Allahabad High Court
State Of U.P. vs Brijesh And Another on 18 February, 2022
Author: Vivek Kumar Birla
Bench: Vivek Kumar Birla
HIGH COURT OF JUDICATURE AT ALLAHABAD AFR Court No. - 43 Case - GOVERNMENT APPEAL No. - 306 of 2021 Appellant - State of U. P. Respondent - Brijesh and another Counsel for Appellant - G.A. Hon'ble Vivek Kumar Birla, J.
Hon'ble Subhash Vidyarthi, J.
(Per: Hon'ble Subhash Vidyarthi, J) (Order on application for leave to appeal)
1. Heard Shri Ratan Singh, learned Additional Government Advocate for the Appellant - State of U.P., on the application under Section 378 (3) of the Criminal Procedure Code (herein after referred to as "Cr.P.C.") seeking leave to file appeal against the judgment and order dated 18.03.2021 passed by the learned Additional Sessions Judge, Court No. 8, Bulandshahar in Sessions Trial No. 352 of 2016, acquitting the accused-respondents of the charges of committing offences punishable under Sections 302/34, 328/34 of the Indian Penal Code (hereinafter referred to as "IPC") in Case Crime No. 265 of 2014, Police Station Chhataari, District Bulandshahr.
2. Briefly stated, the prosecution case is that on 16.08.2014 Ashok Kumar gave information (Exhibit A-1) to the police that his son (Sanna) had committed suicide at his home on the same day.
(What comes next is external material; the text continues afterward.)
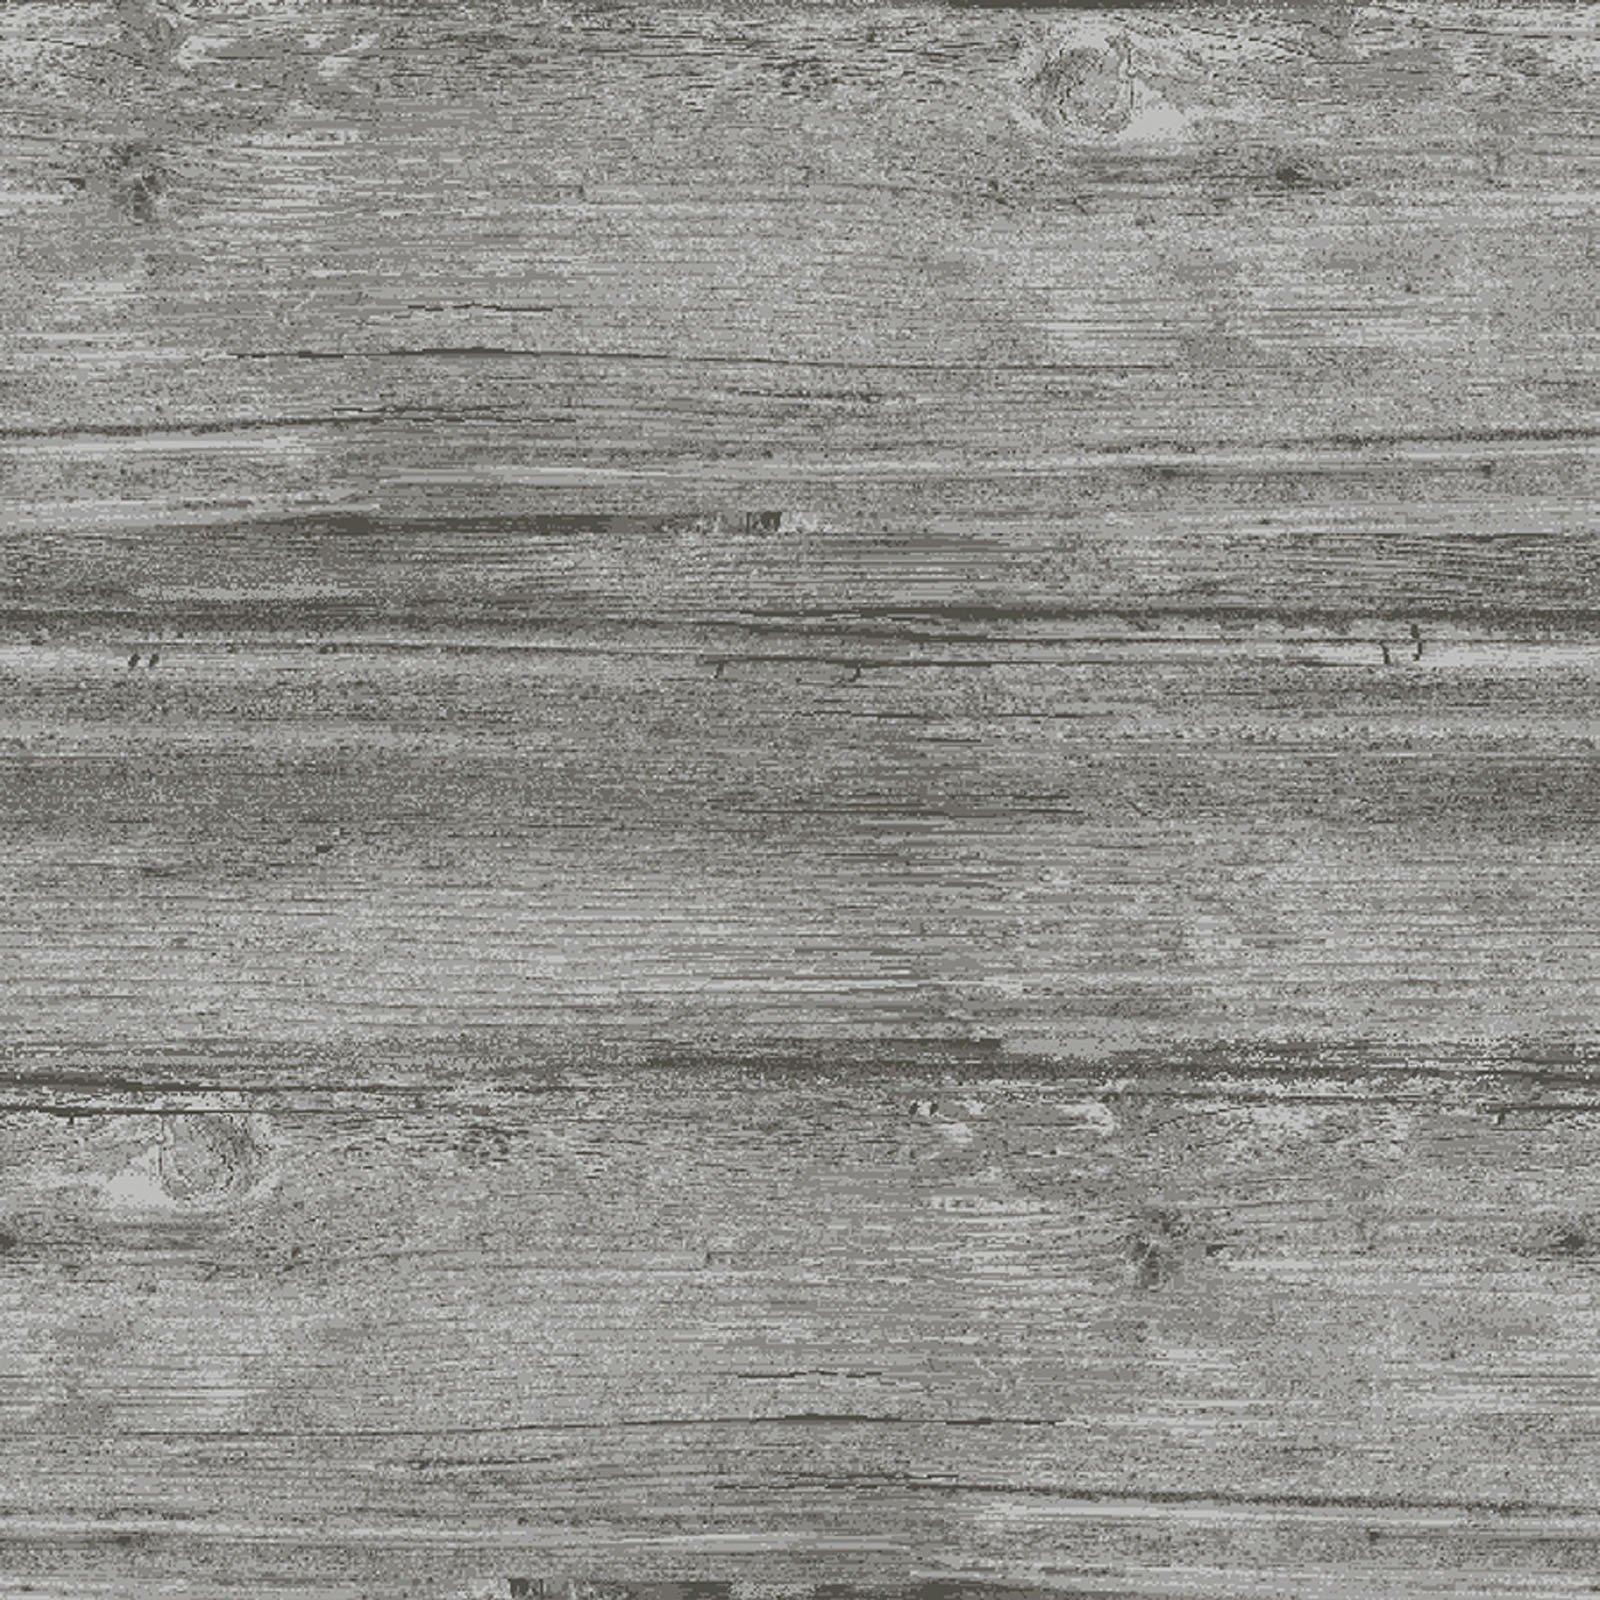 Faux Texture - Charcoal<br/>Contempo 7709-13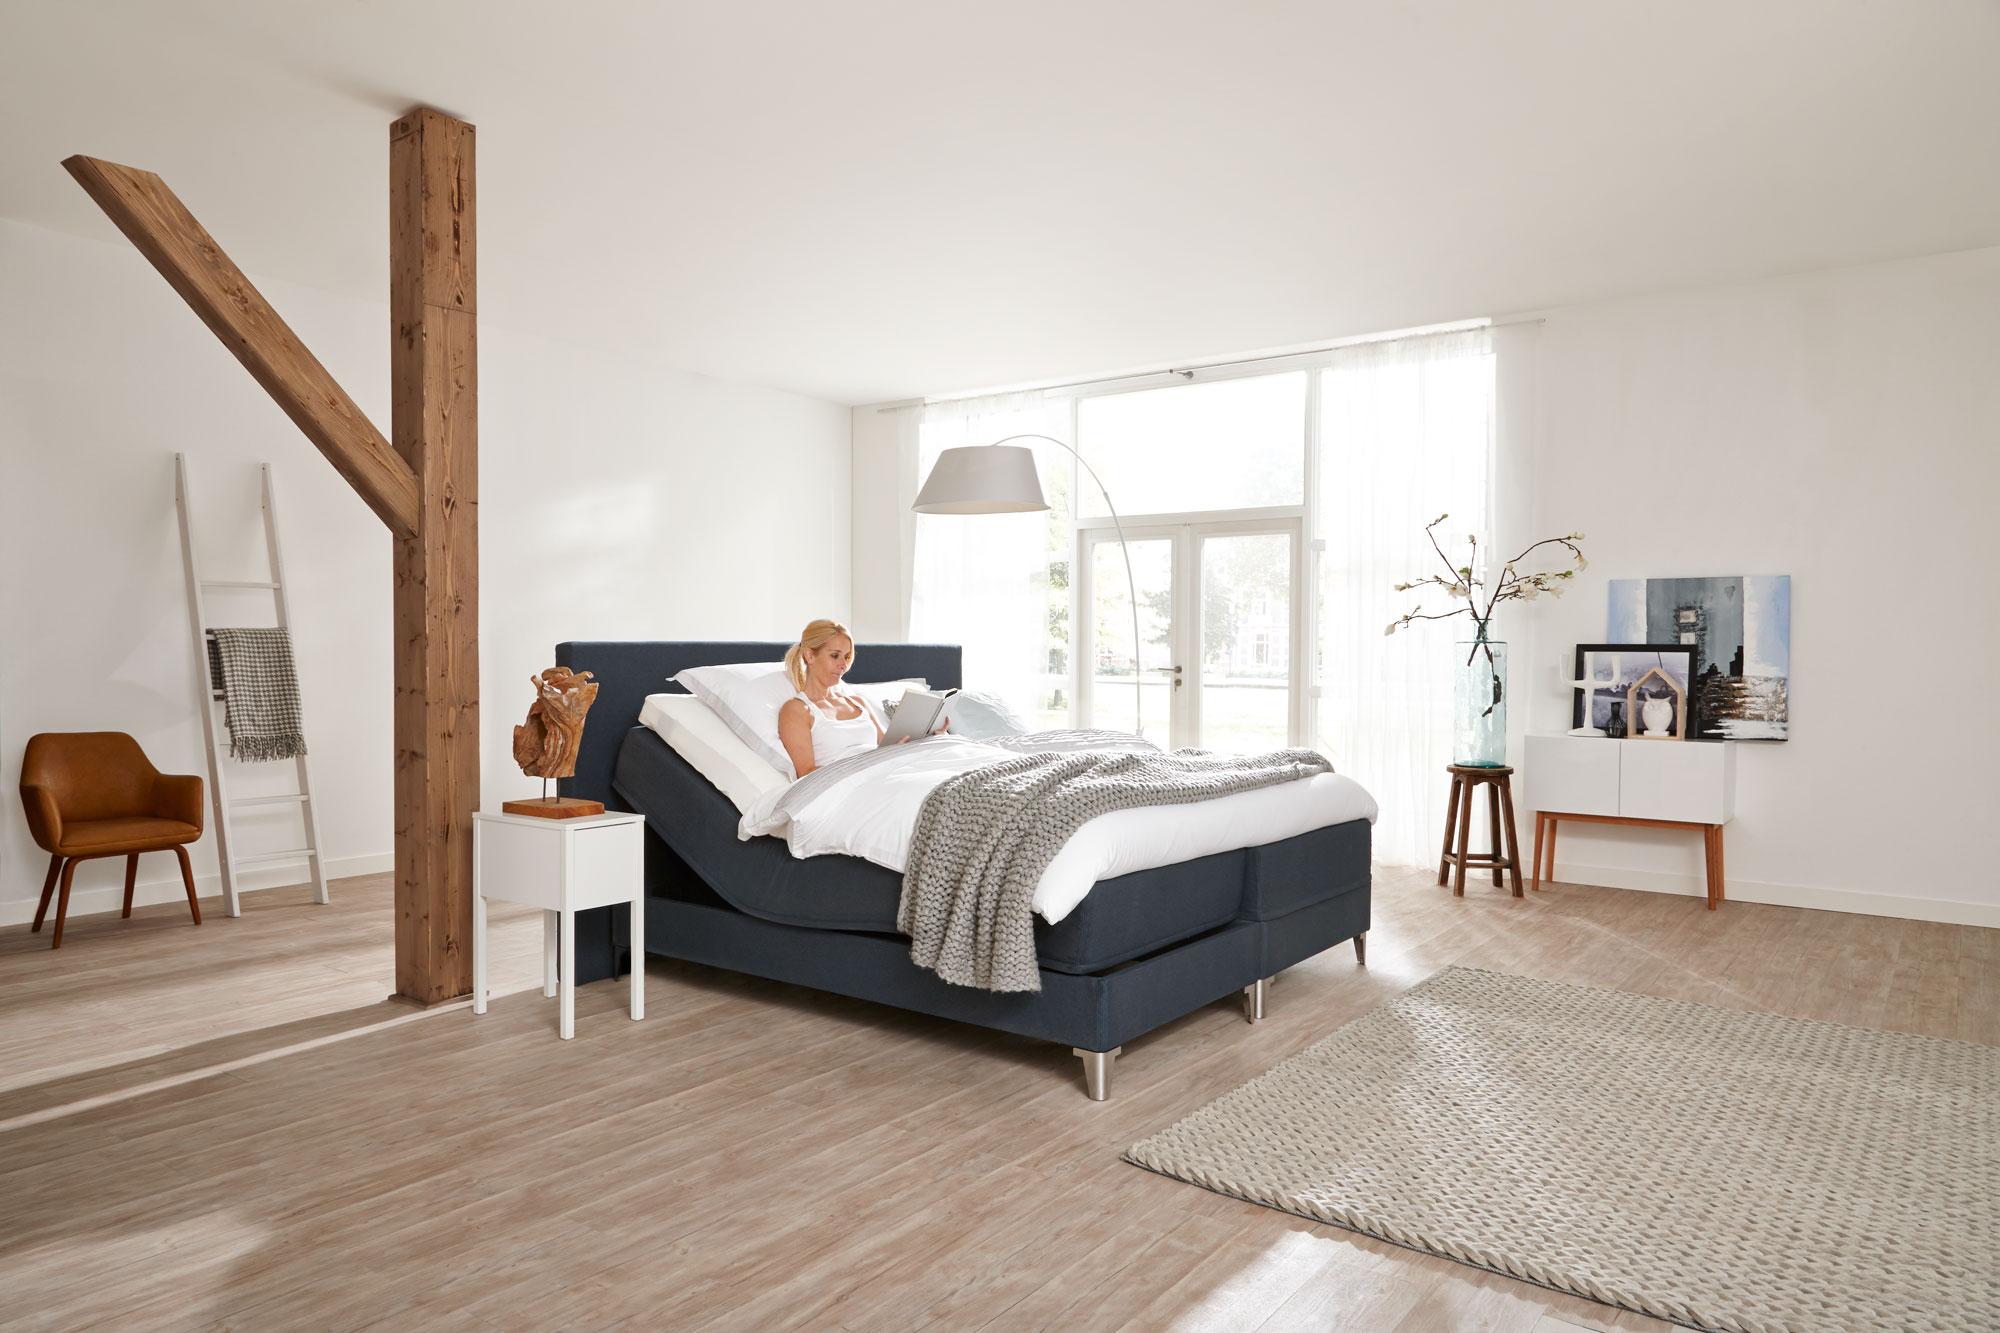 Swiss Sense Matras : Matras kopen eigentijdse matras kopen swiss sense

No one is guilty for it, yet to ascertain the cause of his death, a post-mortem examination be conducted. On 25.08.2014, the informant filed an application under Section 156 (3) Cr.P.C. (Exhibit A-2) stating that his son Sanna used to work in Gujarat alongwith Brijesh (the respondent no. 1) of the same village and they used to do painting jobs in factories. About one month prior to the date of the incident i.e. 16.08.2014, Sanna had told the informant on phone that Brijesh has made illicit relations with a girl at Surat and upon being forbidden, Brijesh threatened him of dire consequences. The informant had told him that he will talk to Brijesh when he would come to the village.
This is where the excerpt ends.